Col. Riddick was married in 1813*, at Lexington, Ky., to Miss Eliza, daughter of Charles Carr, Sen’r, and sister of William C. Carr, of St. Louis. He left at his death his widow, who survived him a number of years, two sons, Walter and Dabney, and two daughters, Virginia and Frances, who in Dec’r, 1834, were married at one ceremony by the Rev’d Mr. Chaderton, to Edward Brooks and Chas. P. Billon, both now dead, but the two widows still survive.

Note: Early marriage records of Fayette Co., KY indicate Riddick married Eliza Carr on 08 Aug 1812.

 
RIDDICK, THOMAS FIVEASH
Encyclopedia of the History of St. Louis, Edited by William Hyde & Howard L. Conrad; Southern History Co., NY; 1899.

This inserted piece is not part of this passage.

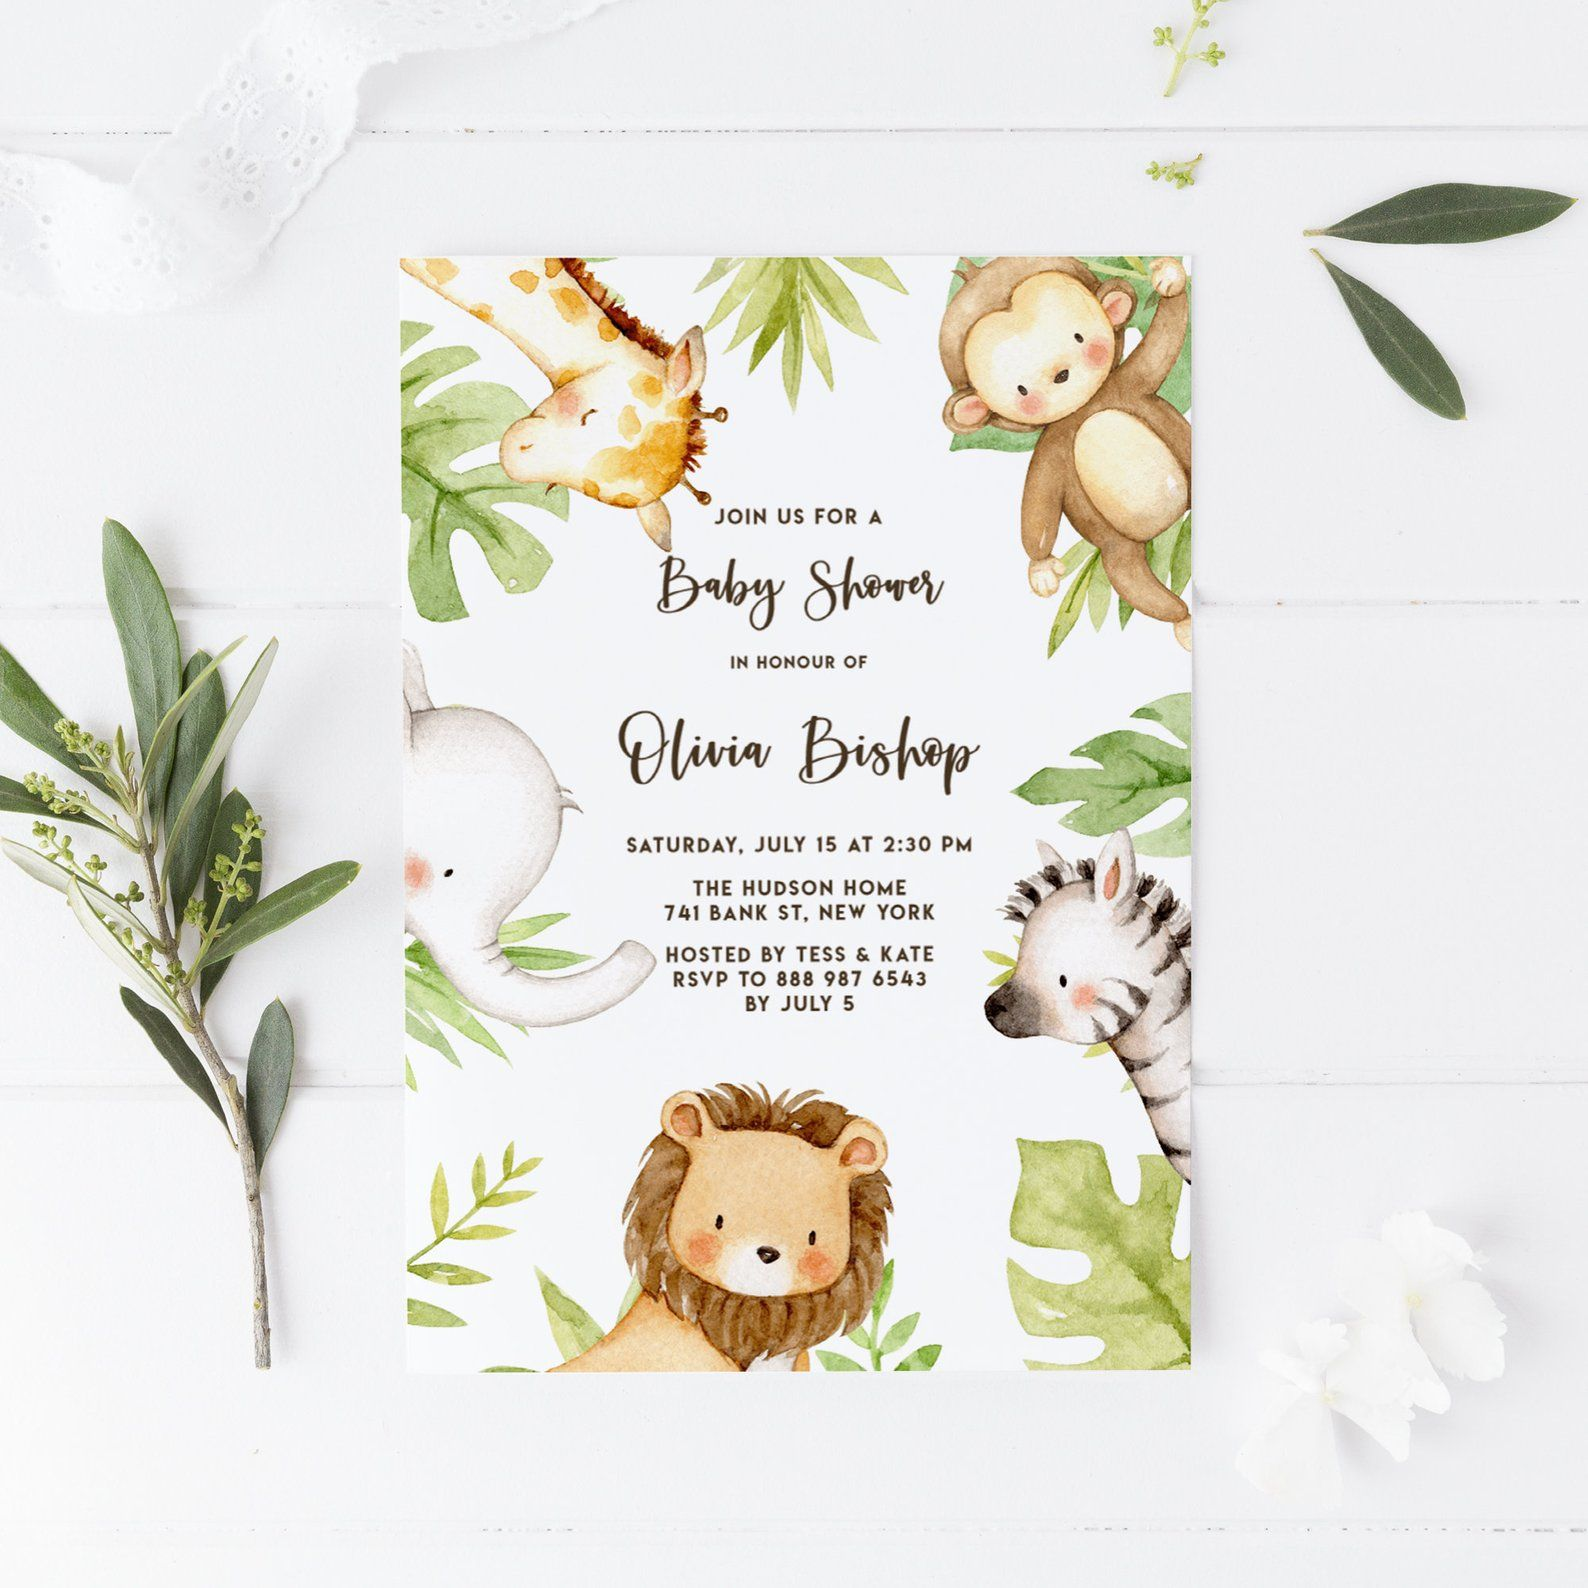 Printable Safari Baby Shower Invitation Template Editable Etsy Baby Shower Invitation Templates Safari Baby Shower Invitations Baby Shower Invitations

One of the pioneers of American St. Louis, was born in 1781, in Suffolk, Nansemond County, Virginia. His family had been prominent for generations in the political life of the colony, several members of it having sat in the Colonial Assembly and done good service on the frontier against the French and Indians. During the Revolution they took an active share in all the military and legislative proceedings in Virginia which established free independence of the colonies and gave free constitutions to the State and to the United States, and they have honorable mention in the Virginia records.

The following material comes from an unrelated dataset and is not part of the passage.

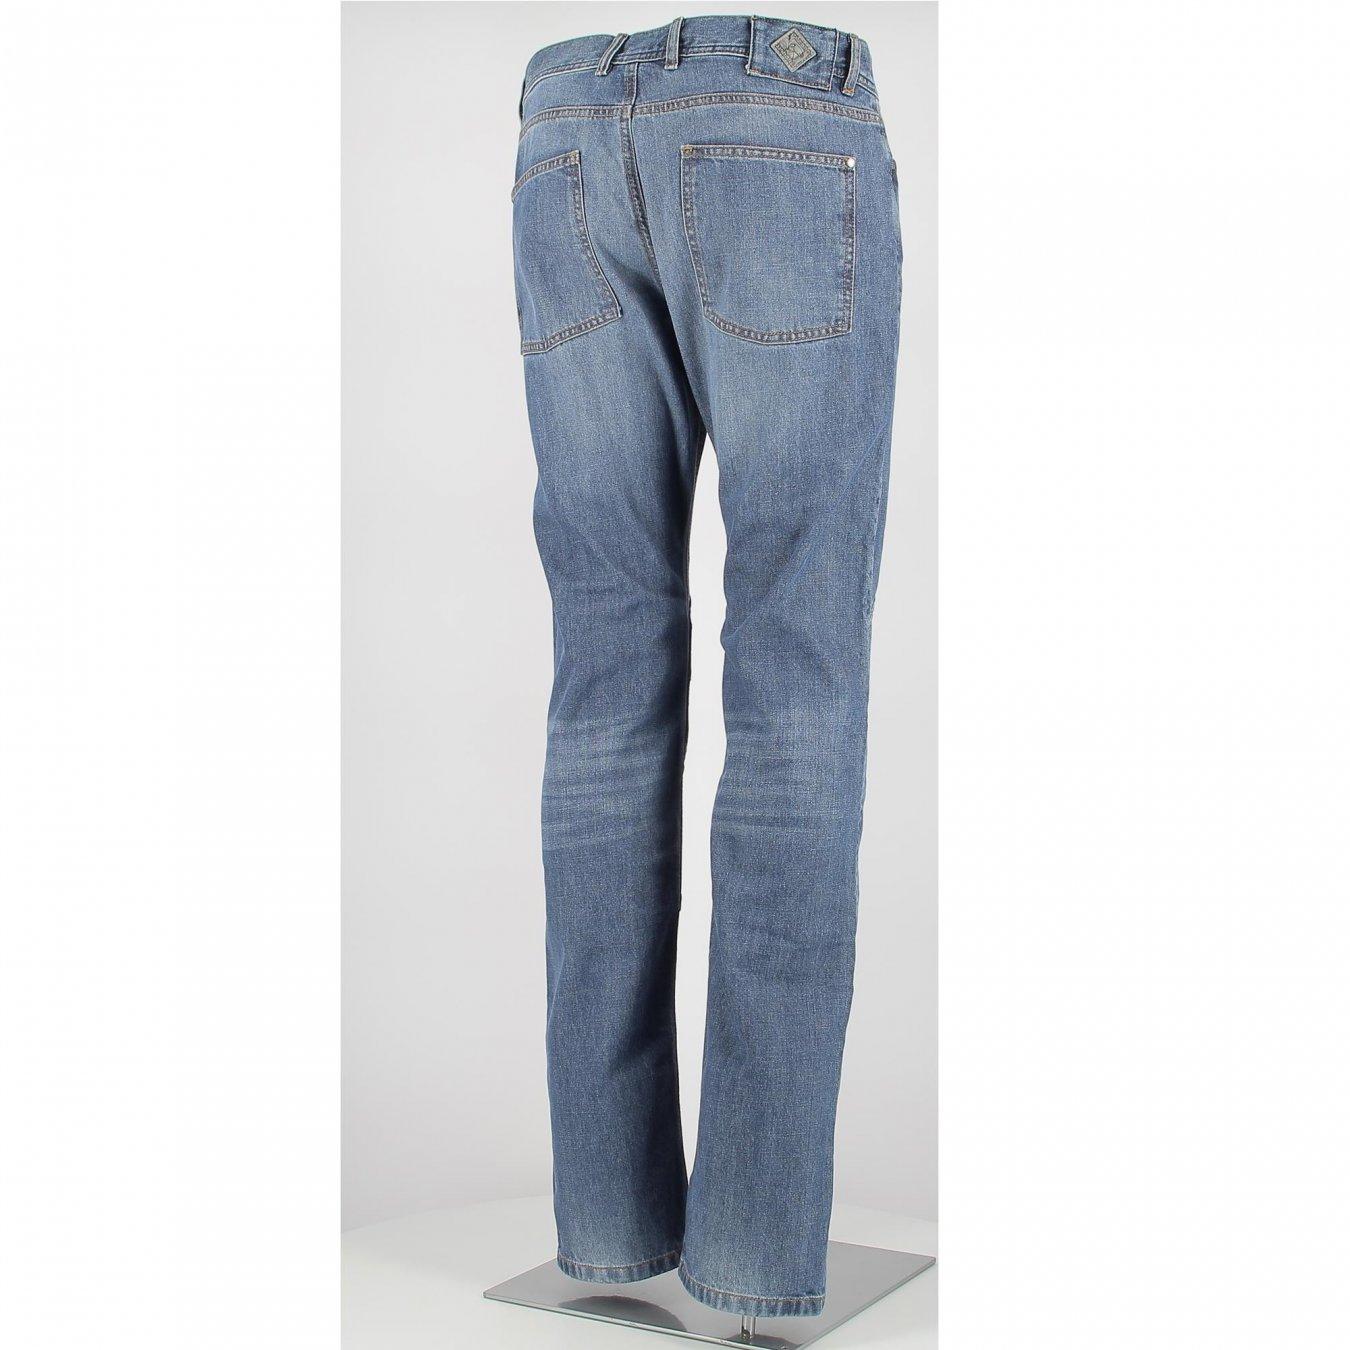 Pantalone-Denim-Tucanourbano-K-gins-Con-Kevlar-Blu

Colonel Riddick came to St. Louis in 1804, about the time of the transfer of Louisiana to the United States, and at once took a prominent part in the social organization of the new community. In 1806 he was appointed clerk of the board of commissioners of land claims and did good work in settling the titles to lands in Upper Louisiana. The experience gained in this office he turned to the most beneficent uses. Finding that there were many lots to which no valid title was held by anyone, Colonel Riddick proceeded to Washington in 1812 and had a bill introduced and passed in Congress conveying all unclaimed lots in St. Louis and adjacent villages to the common schools, securing for the schools a property now worth a miillion and a half, from which the St. Louis School Board derives a large revenue. The journey to and from Washington on this business was made on horseback at Colonel Riddick's own expense. The school board have recognized this great service by naming one of their schools the Riddick School. In the Organization of the first Legislature of the Territory in 1812 he acted as clerk pro tem of the House, and in the same year was appointed by President Monroe a member of the legislative council of the Territory. In 1820 he was a member of the convention which framed the Constitution under which Missouri was admitted into the Union. He also served the city for some years as alderman and justice of the peace.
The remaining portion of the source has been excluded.